Monday morning, several of the teams presented final plans to mock city councils at Berkeley High and district headquarters. The remaining teams are scheduled to present today. Each of the councils will pick a winning design. 

The council at district headquarters, composed of professional architects and economists who volunteered, peppered Silverman’s team with questions about the placement of a public park, the amount of affordable housing in their plan and the location of a series of parking lots. 

The team, which calls itself the Revitilization and Beautification Commission, said the questioning was tough. But members said they learned something from the project. 

“It puts some purpose into what we’ve been learning,” said Powell DeGange, a junior, discussing the role of politics and economics in urban planning. 

“I don’t understand anything that happens in Berkeley,” he continued with a chuckle, referring to the city’s unusual political culture.

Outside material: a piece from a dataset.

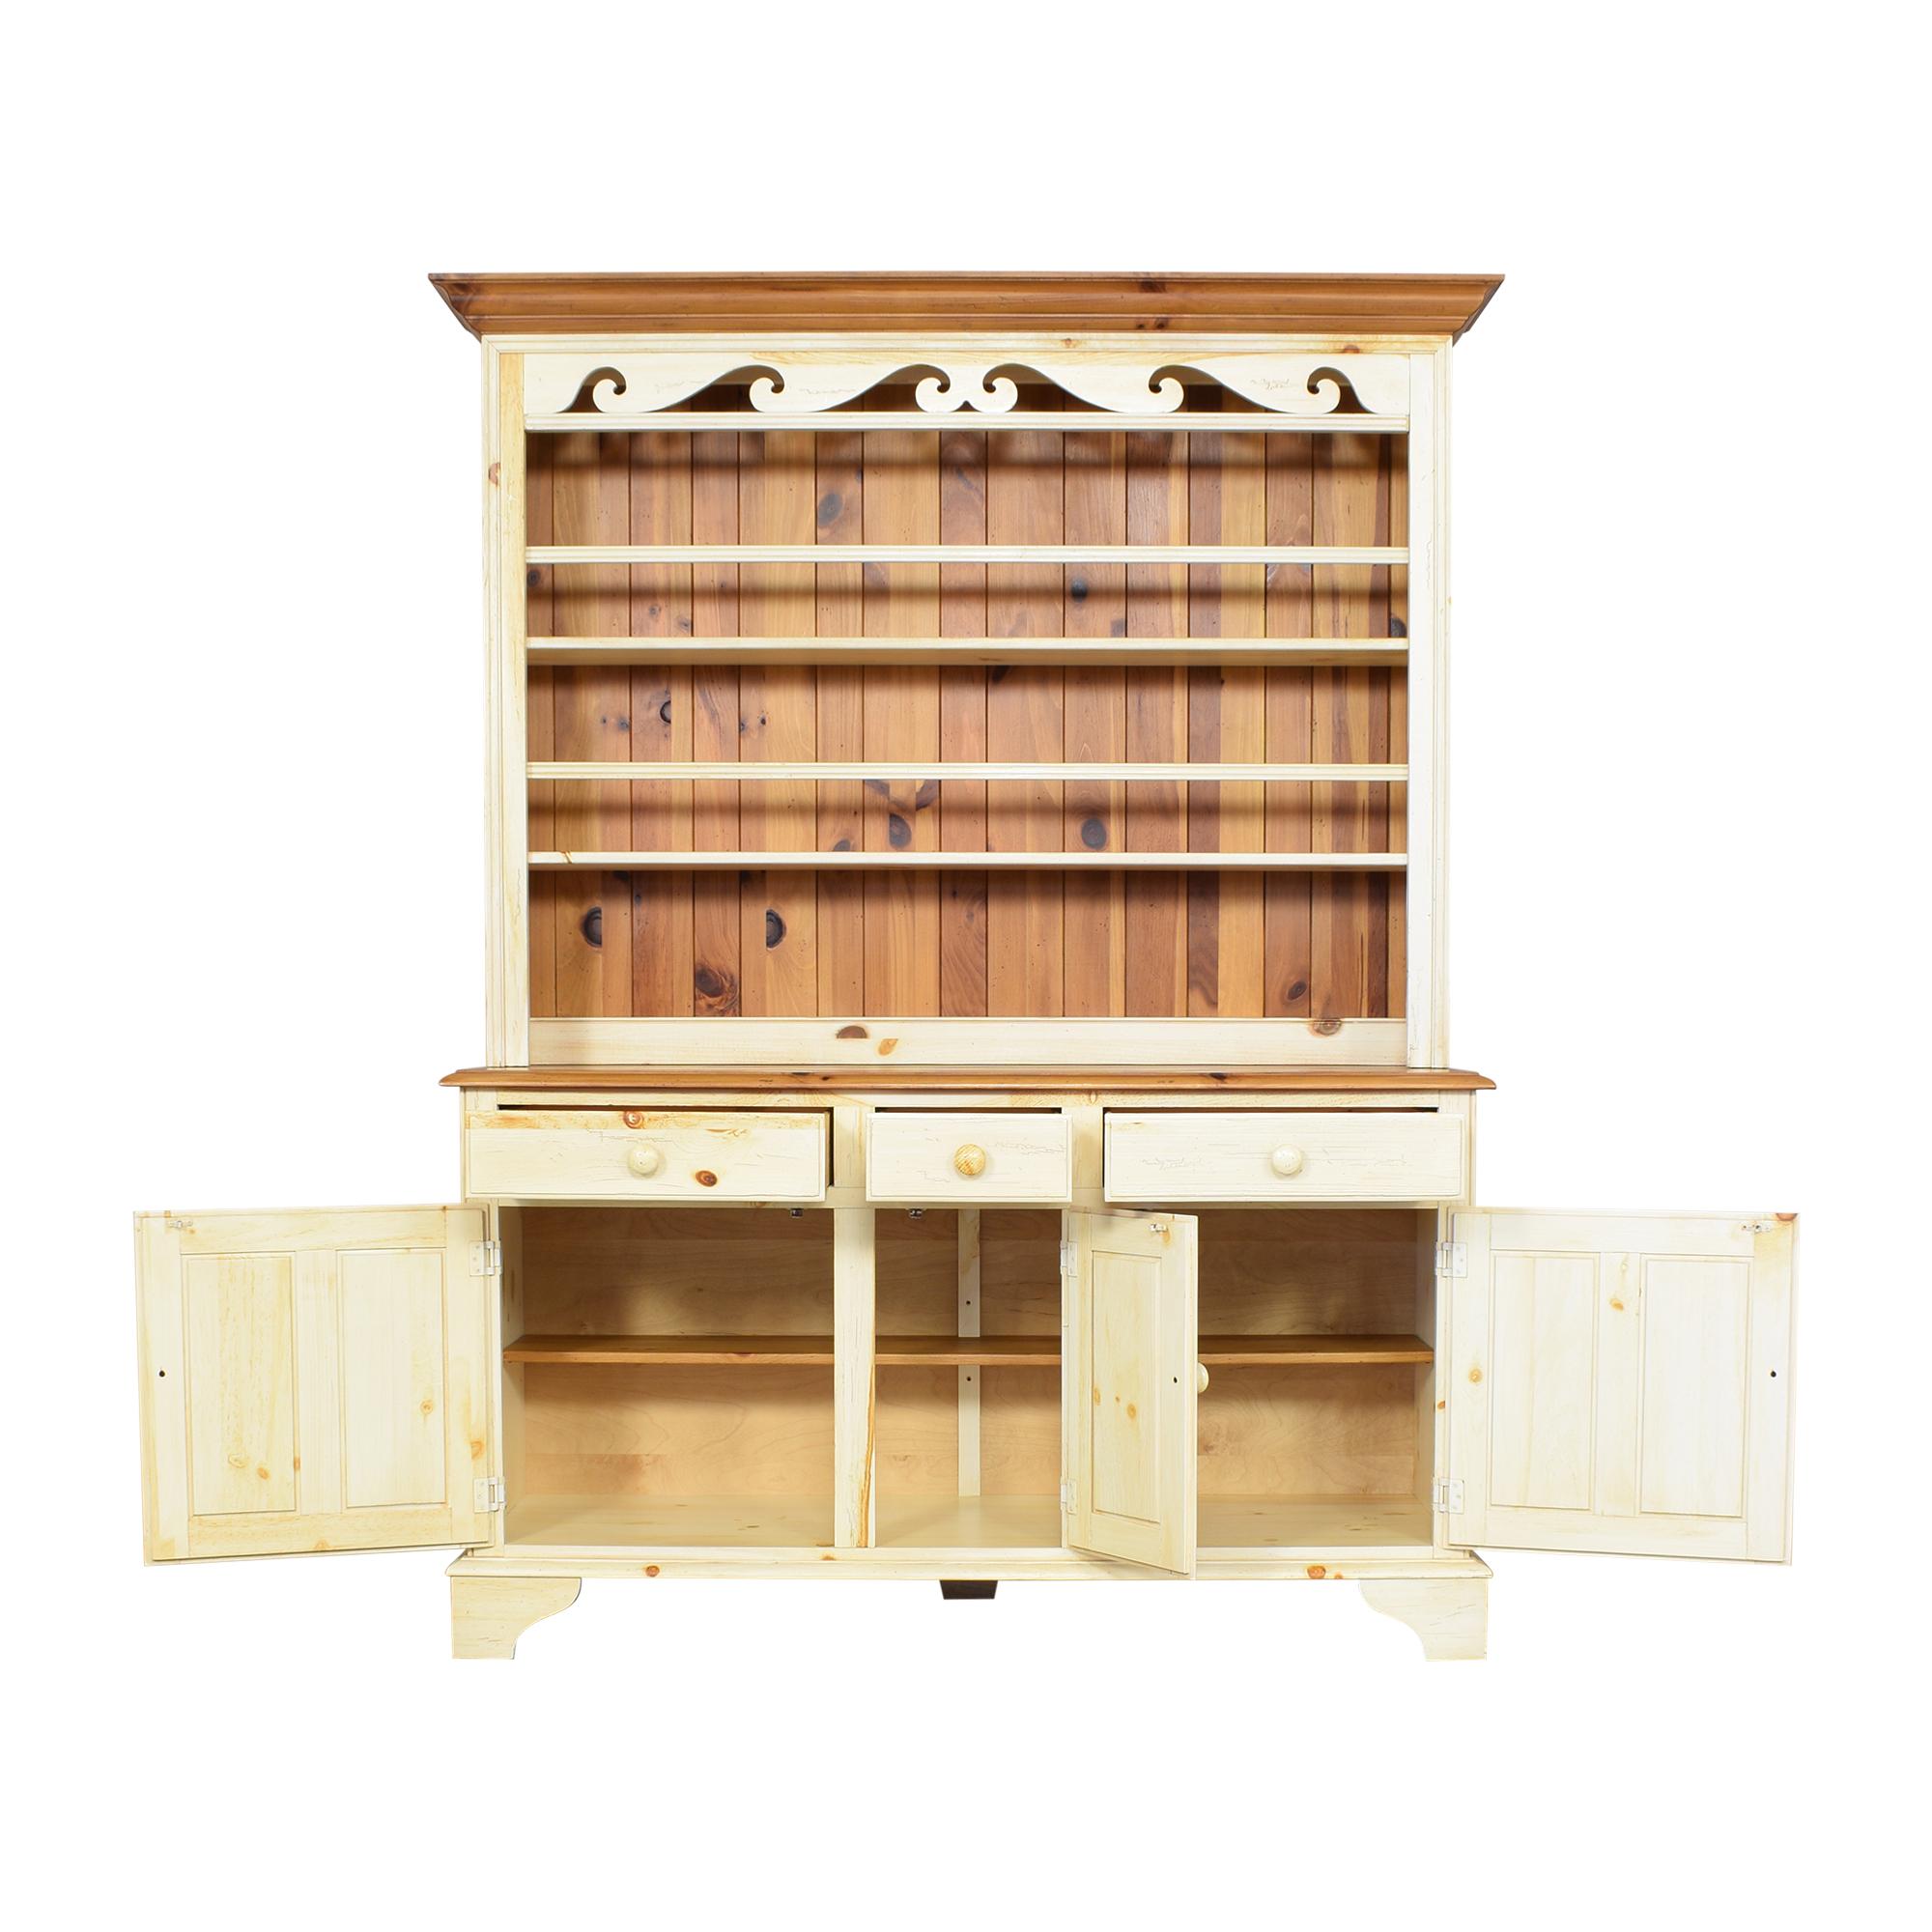 Ethan Allen Ethan Allen Farmhouse Cabinet with Hutch

But DeGange said the project gave him some sense for how a development project might unfold in a typical American town. 

Steven Teal, an A.P. Government teacher who teamed up with A.P. Economics teacher Doug Powers to lead the program at Berkeley High, said students have learned lessons about bargaining and public speaking that they do not necessarily pick up in the lecture format. 

Teal said they have also learned some of the basics terms of urban planning – such as the “footprint” of a building. 

“Three weeks ago, they though it was something that Nike made,” he said. 

Paula Blasier, director of special projects for the Fischer Center, said the program has given students a taste for the competing interests in a city and is hoping it will make them better citizens. 

“We’re not trying to turn them into little developers,” she said. “We’re trying to turn them into citizens who understand the complexities of their environments.” 

Students said some kinks are still left to be worked out. Elise McNamara, a junior on the Revitilization and Beautification team, said the group needed more time to work on its project. Silverman said the format did not allow as much creativity as he would have liked. 

UC Berkeley and the Urban Land Institute will gather the student and teacher feedback and make revisions as they seek to go national. 

Blasier said she has received interested calls from Harvard, Stanford and the Massachusetts Institute of Technology.